In this study, we proposed a novel weeds recognition model using depth wise separable convolutional neural network based on transfer learning. We introduced transfer learning into the model training, which solved the network over-fitting problem caused by insufficient training data and improved the generalization ability of the model. Meanwhile, to address the issue of large number of parameters and time-consumed training for conventional models, the lightweight model Xception was proposed and improved. The global average pooling layer was used to replace the full connection layer in the Xception model, and the XGBoost classifier was added to the top layer of the model to reduce the complexity of the model and improve the recognition accuracy of the model. The numerical experiment results demonstrated that our proposed model has advantages in accuracy and saving time compared with the traditional Xception, ResNet50 and VGG16 models. In the future, we will collect the experimental field data and establish weed data set to ensure the recognition accuracy of the proposed method in the practical application.

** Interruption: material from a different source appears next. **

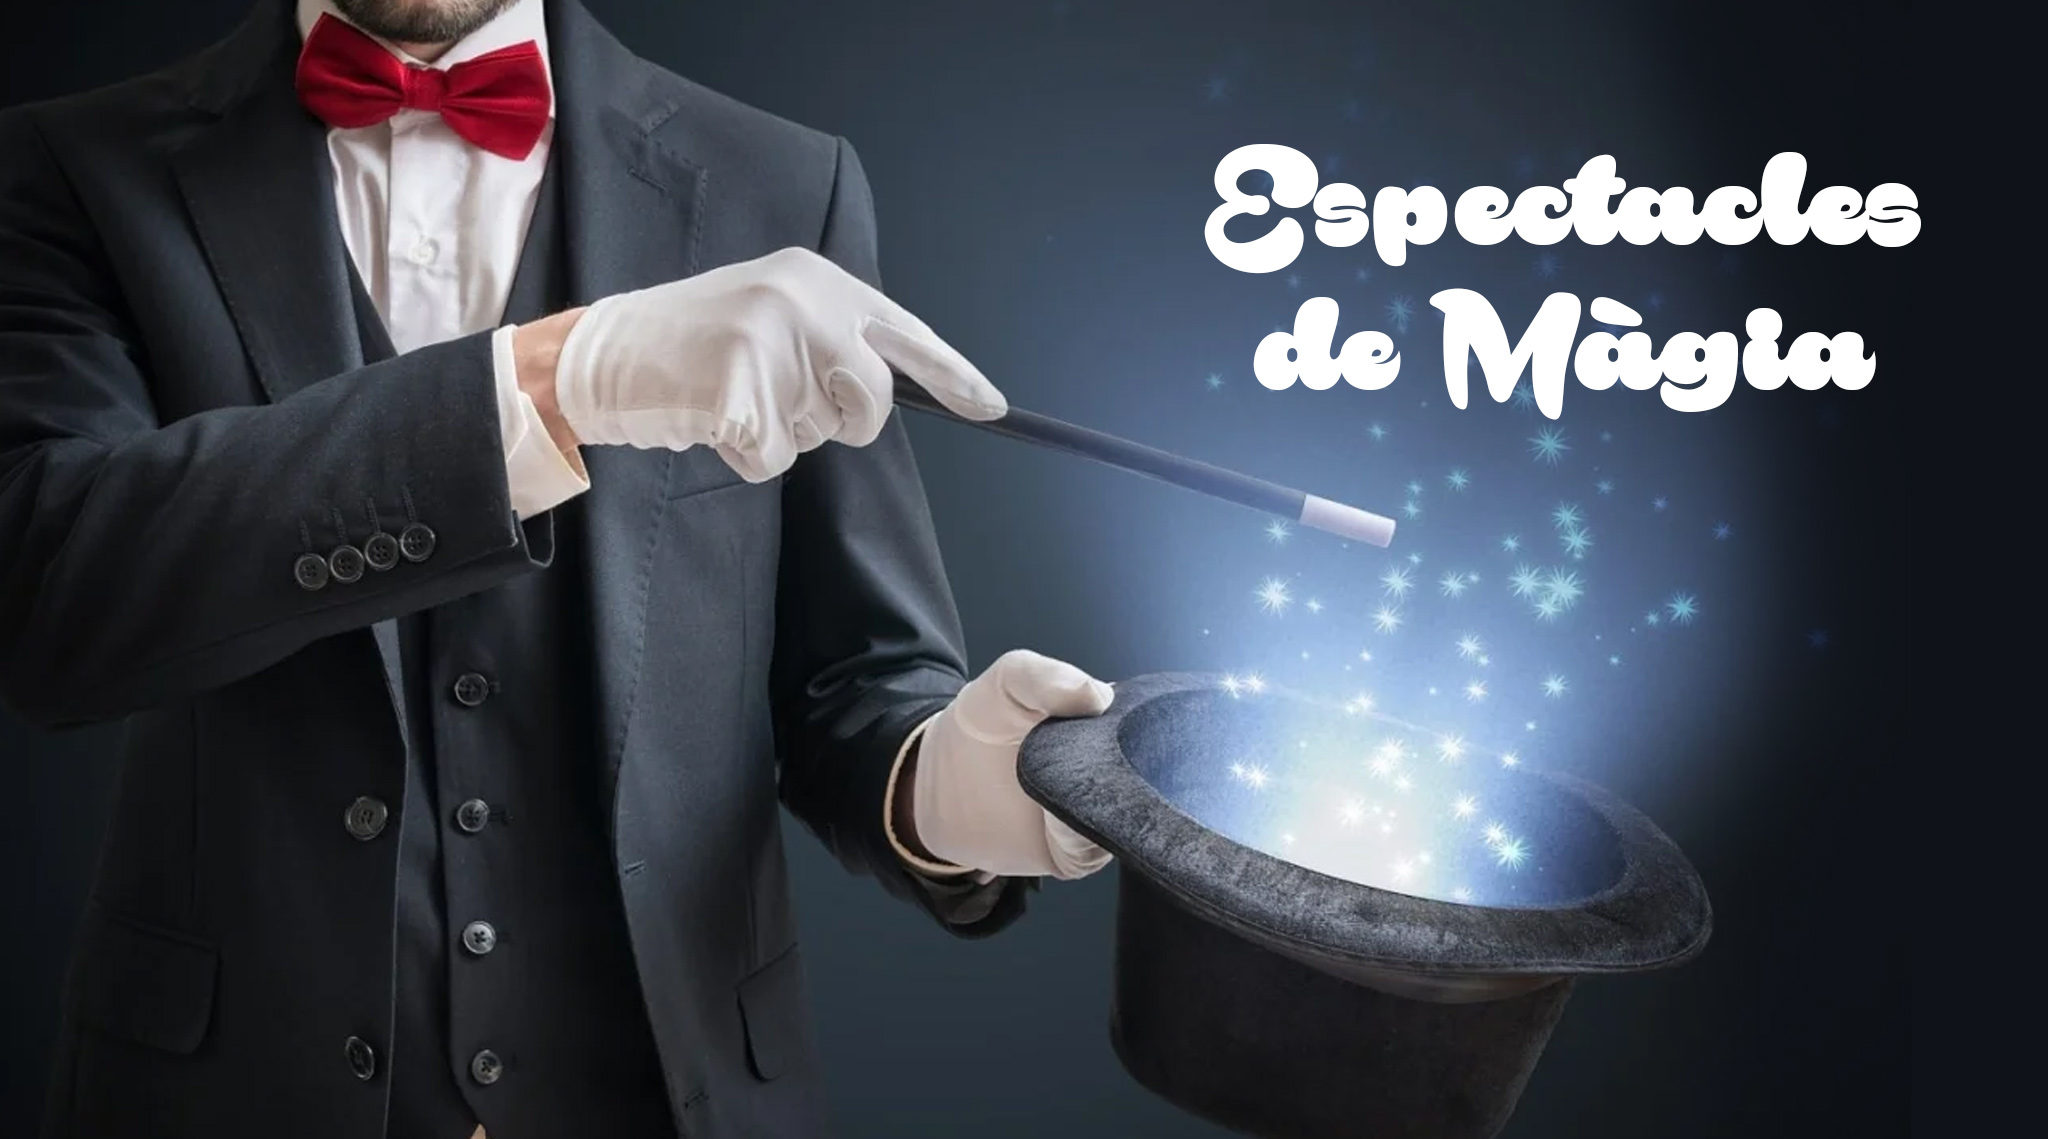 Espectacle de màgia
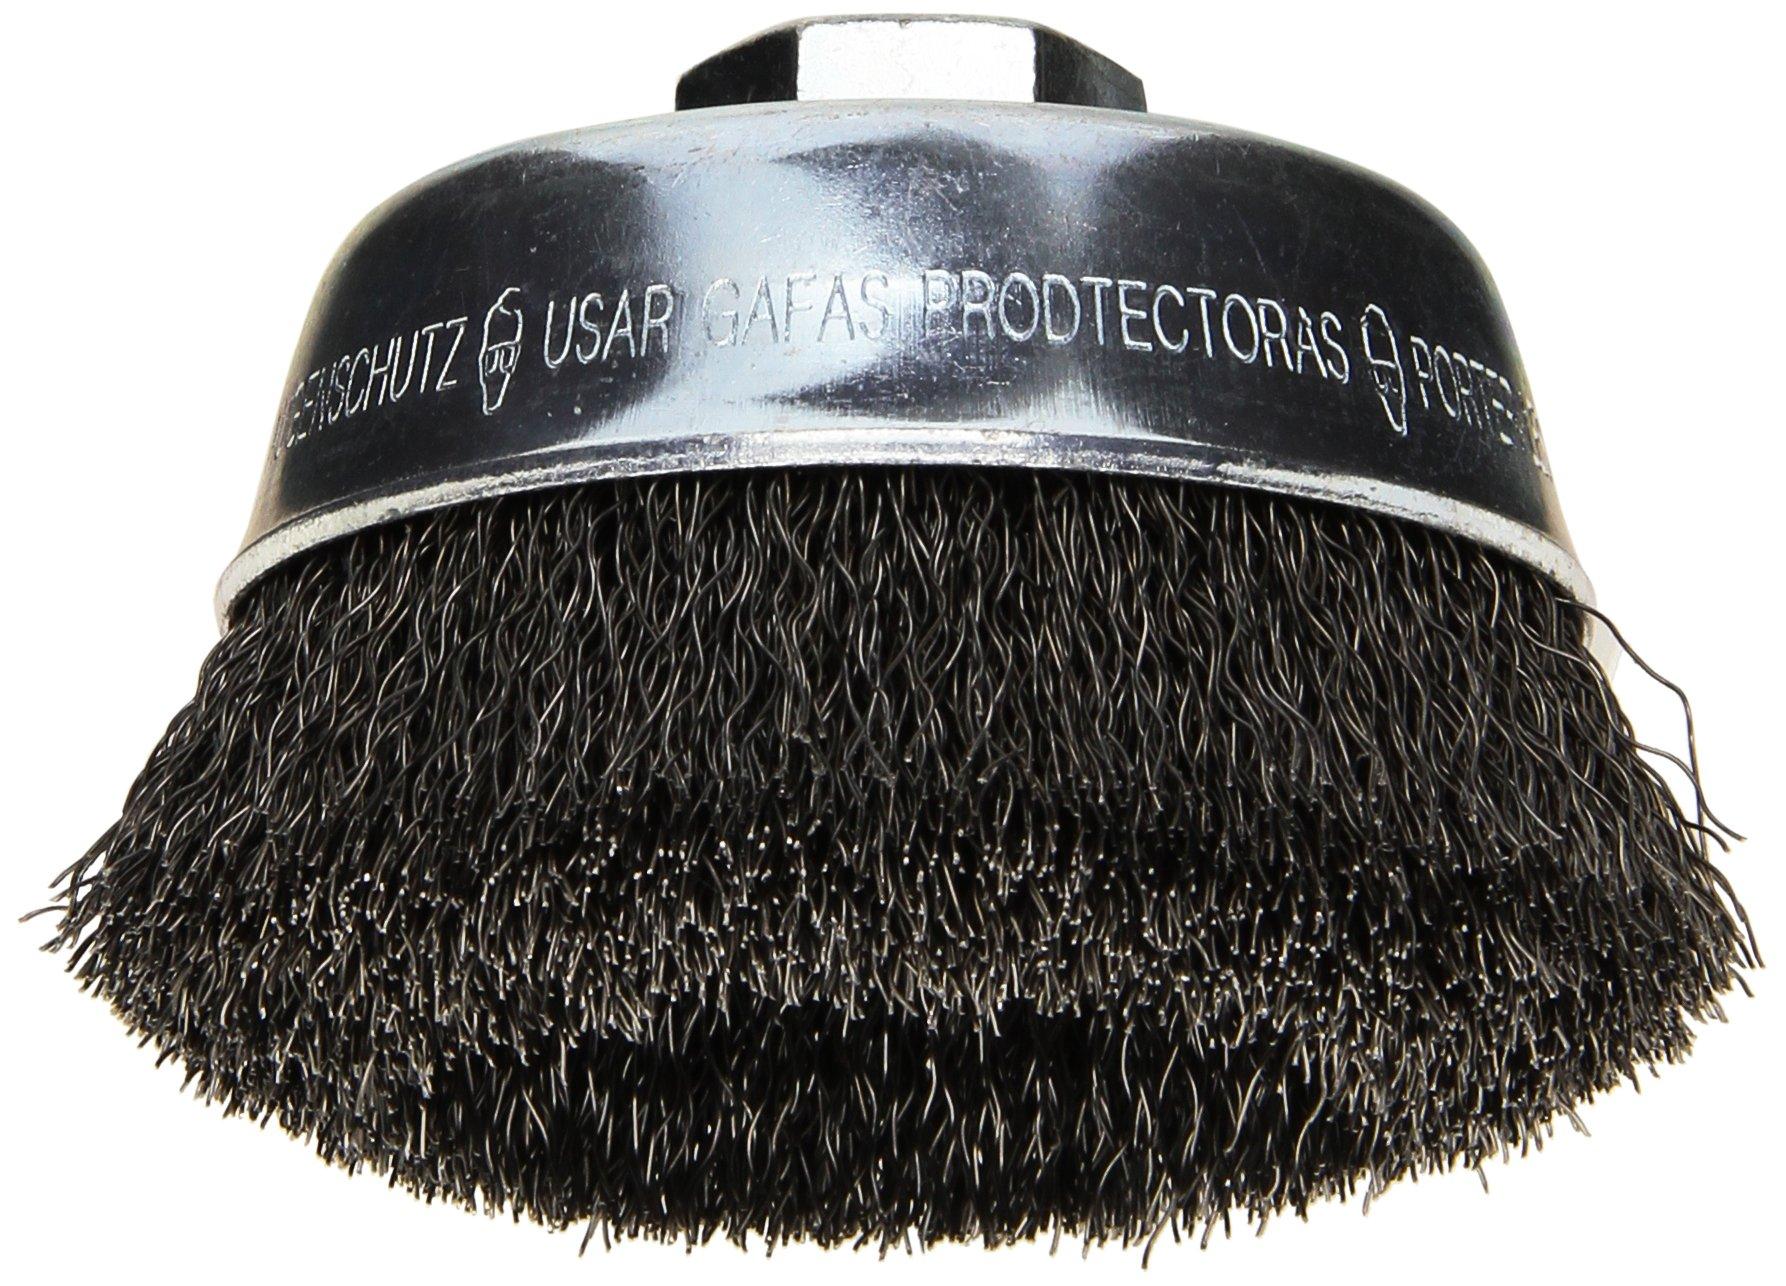 Bosch WB524 3 1/2-Inch Crimped Carbon Steel Cup Brush, 5/8-Inch x 11 Thread Arbor by Bosch

Furthermore, the proposed method has broad applications in precision agriculture, such as weeding robots, pesticide spraying and other fields.

Acknowledgement: The authors wish to thank R. He who help to make experiments.

Funding Statement: This work is supported in part by the National Natural Science Foundation of China (http://www.nsfc.gov.cn/) under Grant 31801753, and the JiLin provincial science and technology department international exchange and cooperation project (http://kjt.jl.gov.cn/) under Grant 20200801014GH, and the Jilin province education department “13th five-year” science and technology research planning project (http://jyt.jl.gov.cn/) under Grant JJKH20200336KJ.

Conflicts of Interest: The authors declare that we have no conflicts of interest to report regarding the present study.